One possible explanation is a 20ms CPU busy loop in one of your timers. That is not blocking in the sense FreeRTOS uses the term though.

No, I’m referring to the proper xTimers.

Sorry, your explanations are unclear. Can you share some code and point out your problem?

Several months ago I looked at all the context switches on an oscilloscope, just because I wanted to make sure that the task executions made sense. At the time, I did not experience any issues and all my timer callbacks were executing very little code (less that 1 ms). I seem to remember that I thought to myself “oh how strange, the timer task gets switched in and out at every timer tick”. I’m working from home today and don’t have access to the development board I used so I can’t verify whether I remember correctly or not.
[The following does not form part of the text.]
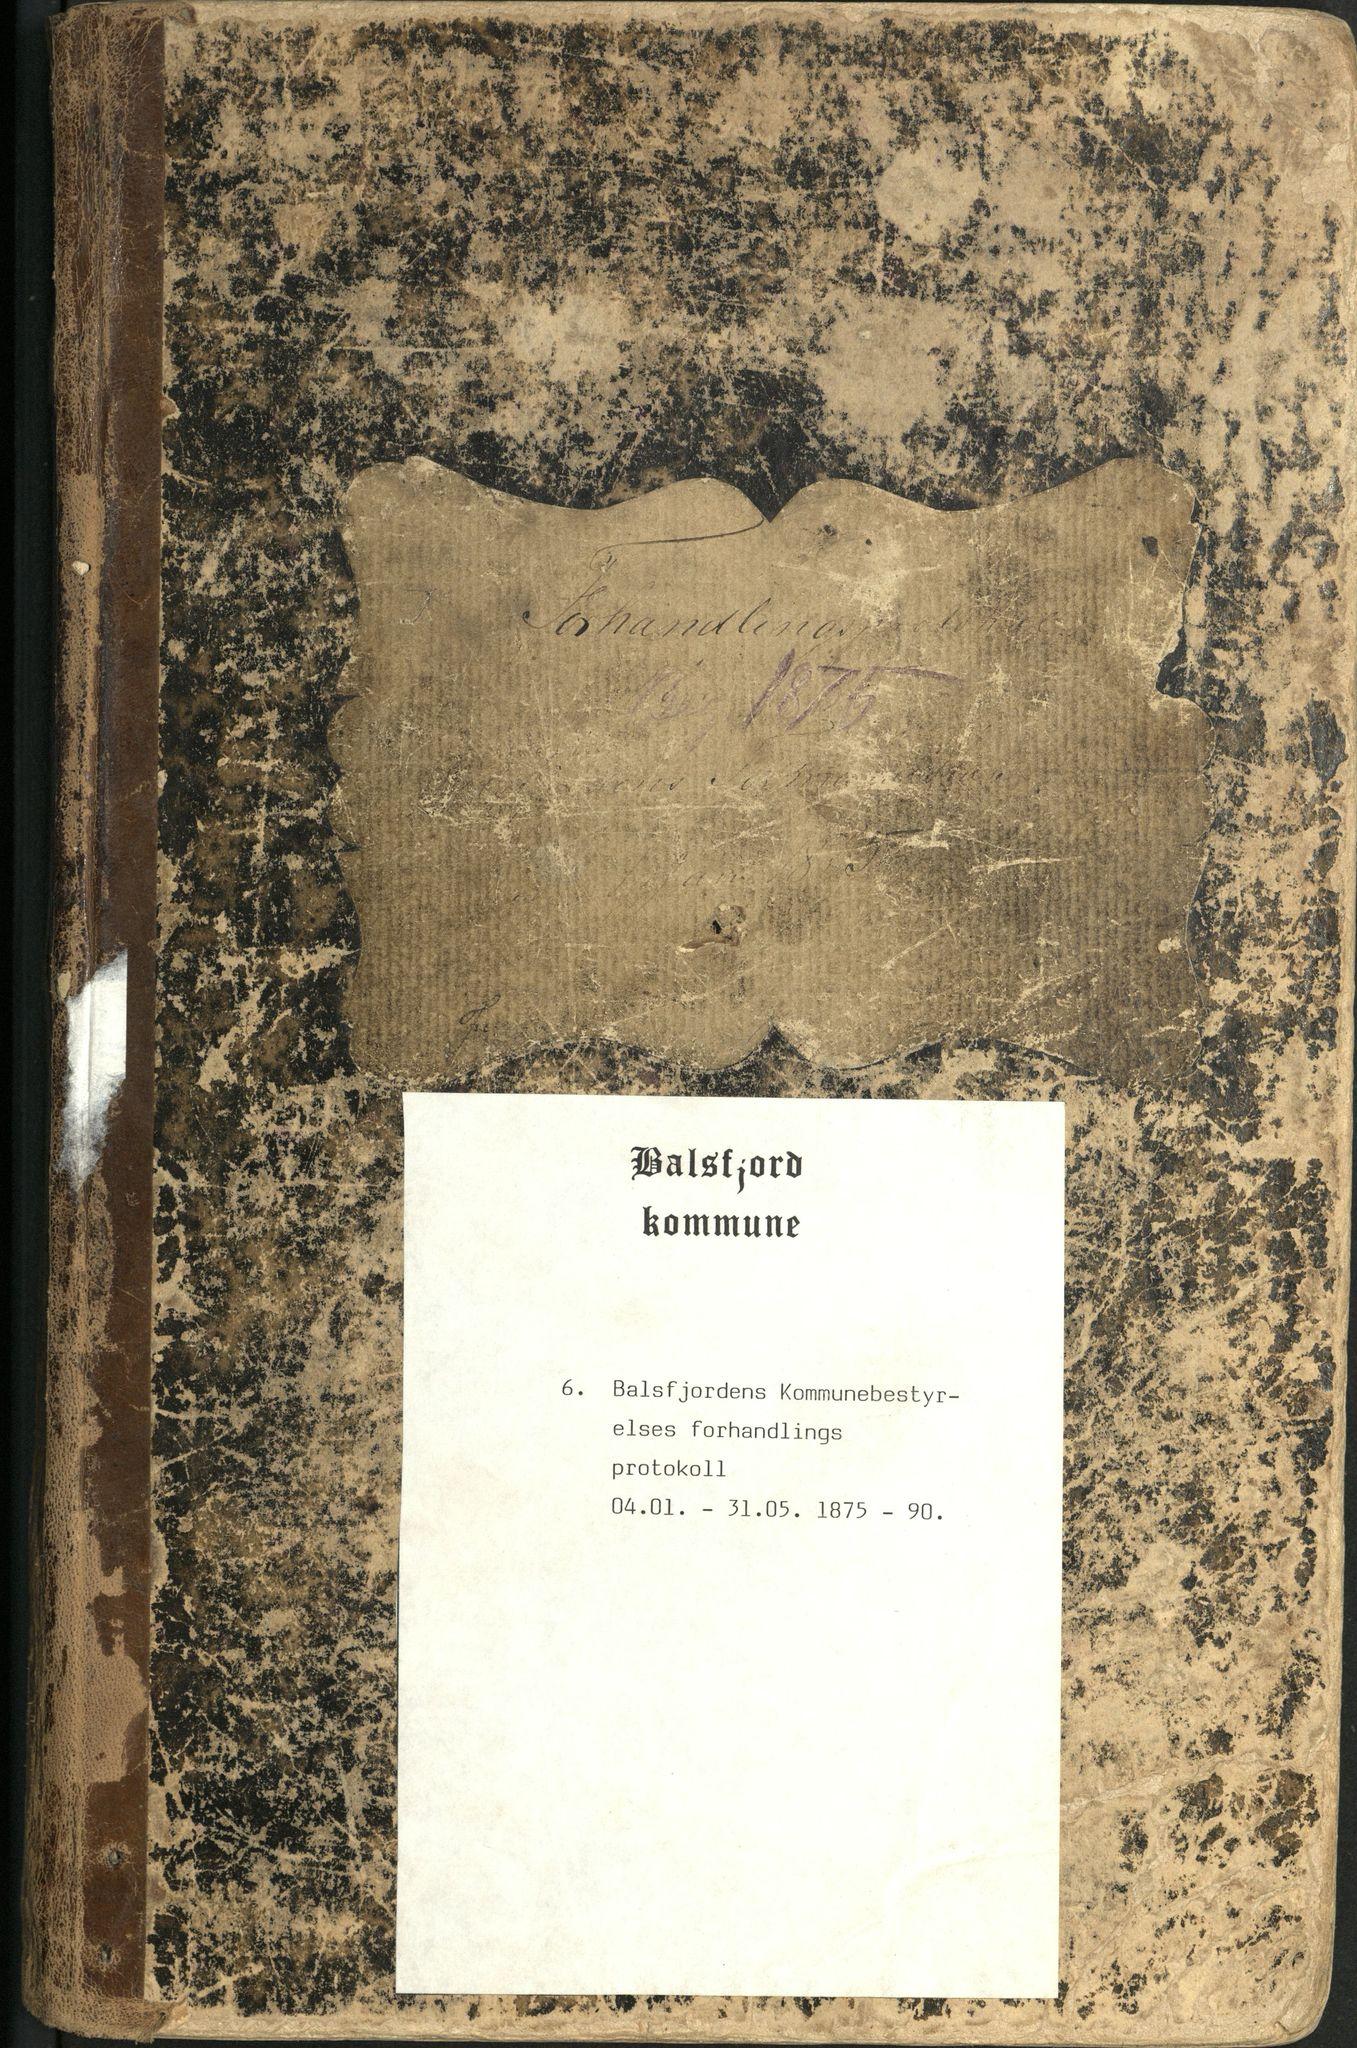 AT, Balsfjord kommune, -: Balsfjord kommunestyre, forhandlingsprotokoll, 1875-1890
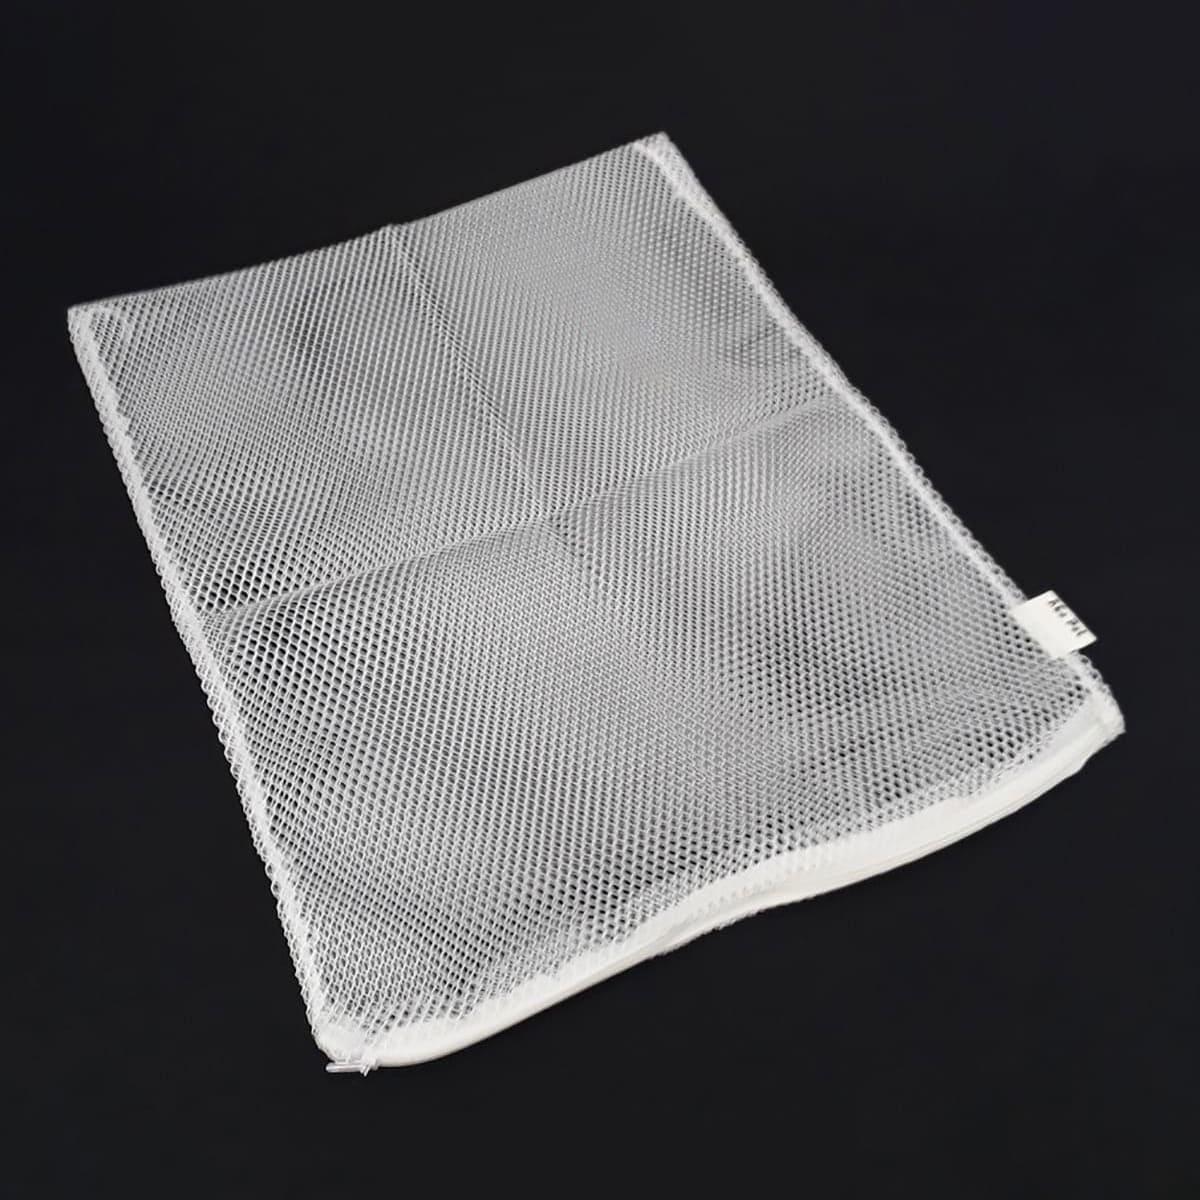 Bolsa para Material Filtrante N°2 WFish - 15X30 cm

Fast forward to today and I was informed of an issue in a completely different product. A function seems to block forever at a call to xEventGroupWaitBits every once in a while. However, we can see very clearly that an interrupt routine (not related to the timer task) calls xEventGroupSetBitsFromISR so it’s very mysterious that xEventGroupWaitBits keeps blocking. My colleague noticed that this issue would only occur when calling the particular function from the timer task so he moved the function call to a different task and he thought the problem was solved. However, this did not make any sense to me and I wanted to double-check that it’s not dangerous (although not recommended) to block the timer task for about 20 ms. The mysterious issue about xEventGroupWaitBits blocking forever occasionally even though xEventGroupSetBitsFromISR is called is something I will probably start a new thread about asking for debugging help.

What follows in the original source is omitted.